I spent the next week really sick, so was okay not working. For a few days, I was really sad and just wanted to come home. I even tried to change my plane ticket to come home before April started, but it was expensive and I couldn’t do it. I felt like I was seeing the world the way it really was. I’ve been thankful for my life, without realizing what I’ve actually had. People are so lonely. I just felt like I was imposing this loneliness upon myself for no reason. There are so many people who keep me tethered to this world. I became obsessed with mythology and folklore. Stories that explained our beginnings in the world. Why things are the way they are. Stories that promised there is more to our existence than meaninglessly drifting around the universe. Stories that made sense out of humanity. I started reading a lot of Italo Calvino, whom I never had before, but I really like. (Actually, I loved If on a Winter’s Night a Travler, which isn’t mythology at all). The book I’m reading now is actually kind of the story of creation in space. It’s beautiful and makes me feel a little bit better about the world. And I read a book of Tobias Wolff’s short stories and was inspired to start some of my own. It’s new for me, but I really like this form.
I felt like I had to change something. I didn't once regret coming here, it was undoubtedly the best decision of my life. But I felt like I'd accomplished everything I set out to do, and it was just time to leave.
Everything changes. I’m glad I couldn’t change my ticket. I think on some level I knew that deep down, I was hitting a breaking point—I could leave and stay as connected to home and the past and my life the way it was, or I could stay and become detached from it all. Part of me didn’t want to lose…myself. But I did. I completely let go. I actually feel like a different person, now. Free. I went to a party last weekend and met new people, was completely part of the moment instead of looking back at it as if it already happened and I was telling it. That’s how I’ve been feeling lately—part of the moment. It sounds silly, but it’s new for me. I’ve never experienced life this way. I like it. I don’t know if I’ll ever want to go back to the way I was, you know, six days ago, when my whole world was different.
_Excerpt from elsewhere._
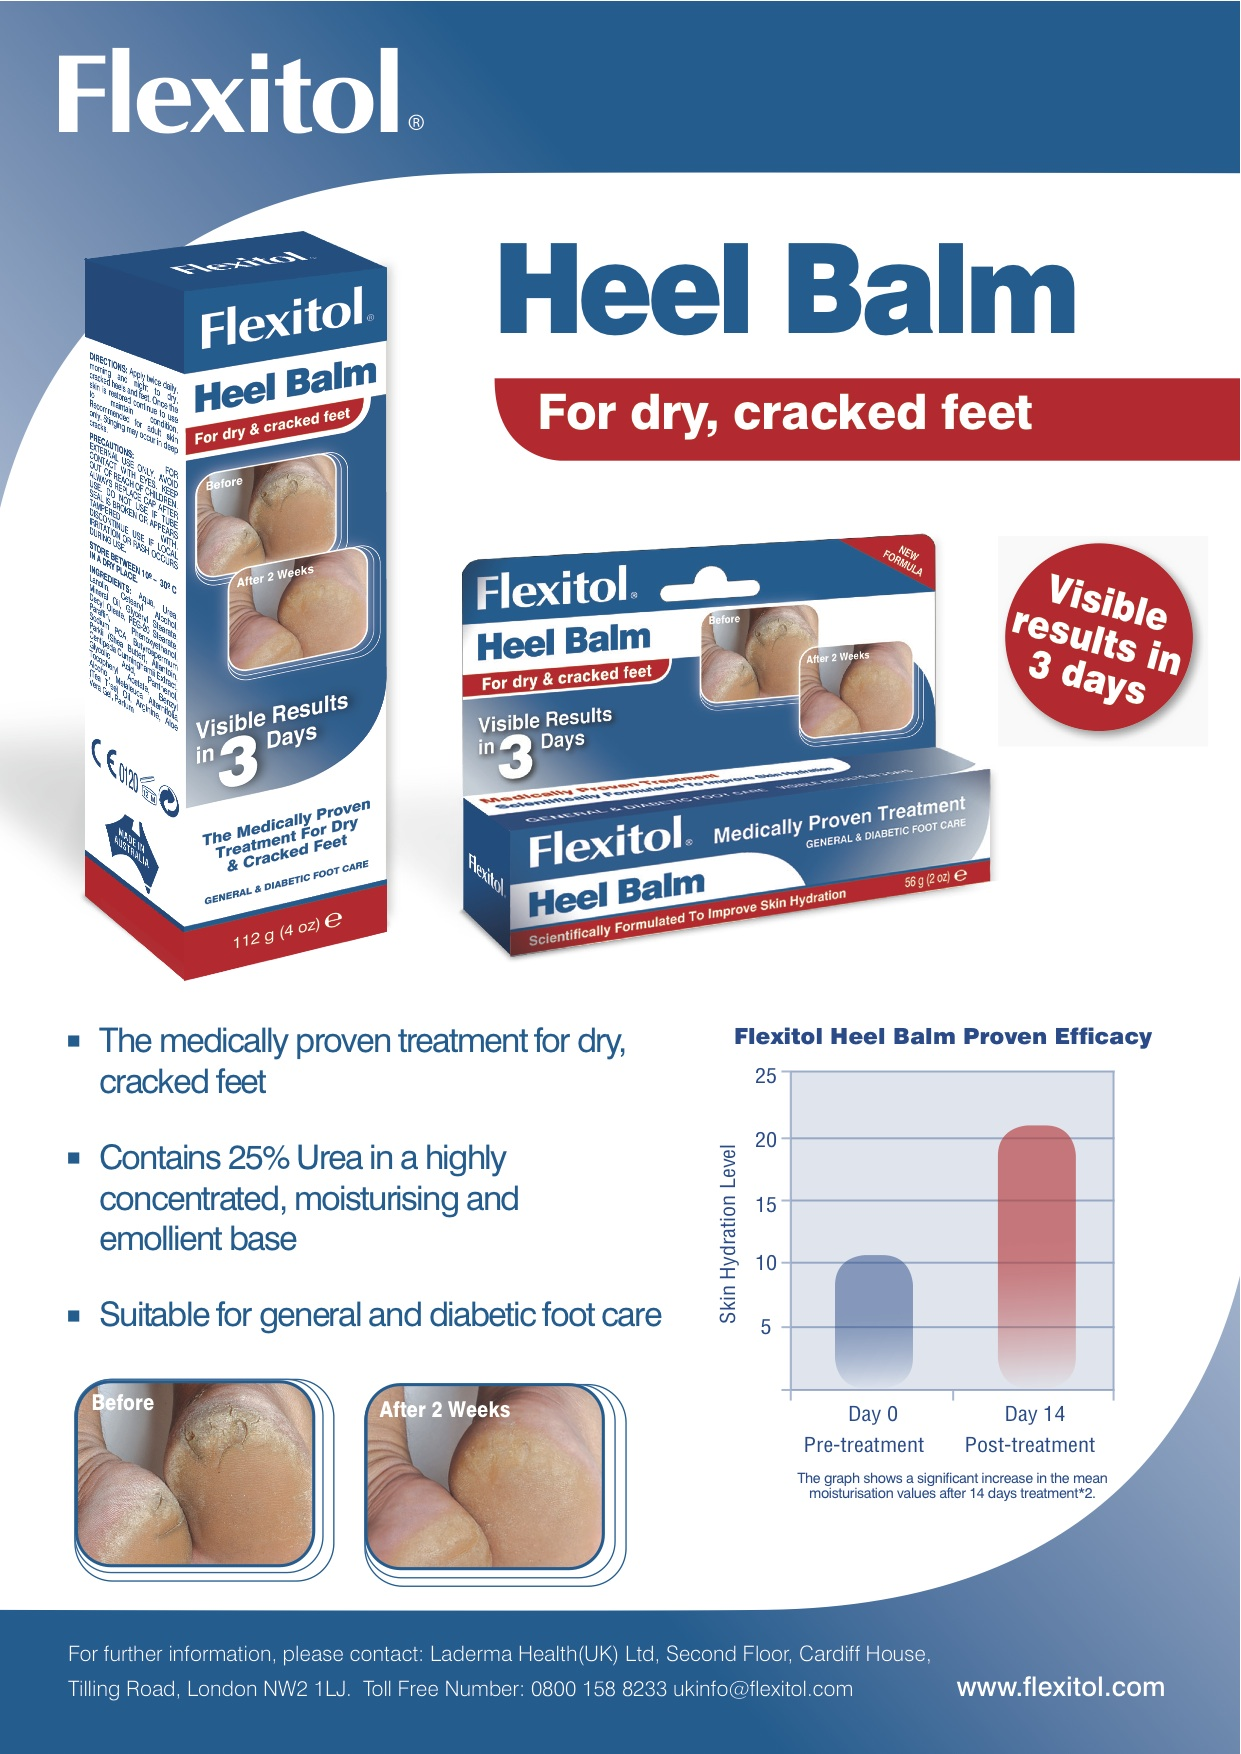 Flexitol: Saving Our Skin

Next week I start work in a factory. Lots of people I know are starting work there, too. It will be a steady job where the season won’t affect our income, so I can count on (as much as anything can be counted on) six weeks of good money. Maybe I won’t come home broke afterall! And I’m officially going to Romania for Ana’s wedding, so would like to have a little money for that. I was planning on packing one suitcase of snacks to avoid buying food while I was there, but I’d probably have to declare it or something, so that wouldn’t be ideal.
I know this blog was very vague. Next one will be better and I’ll talk about actual things I’ve been doing.
P.S. this picture has nothing to do with this blog. It's from New Years. I just think it's funny.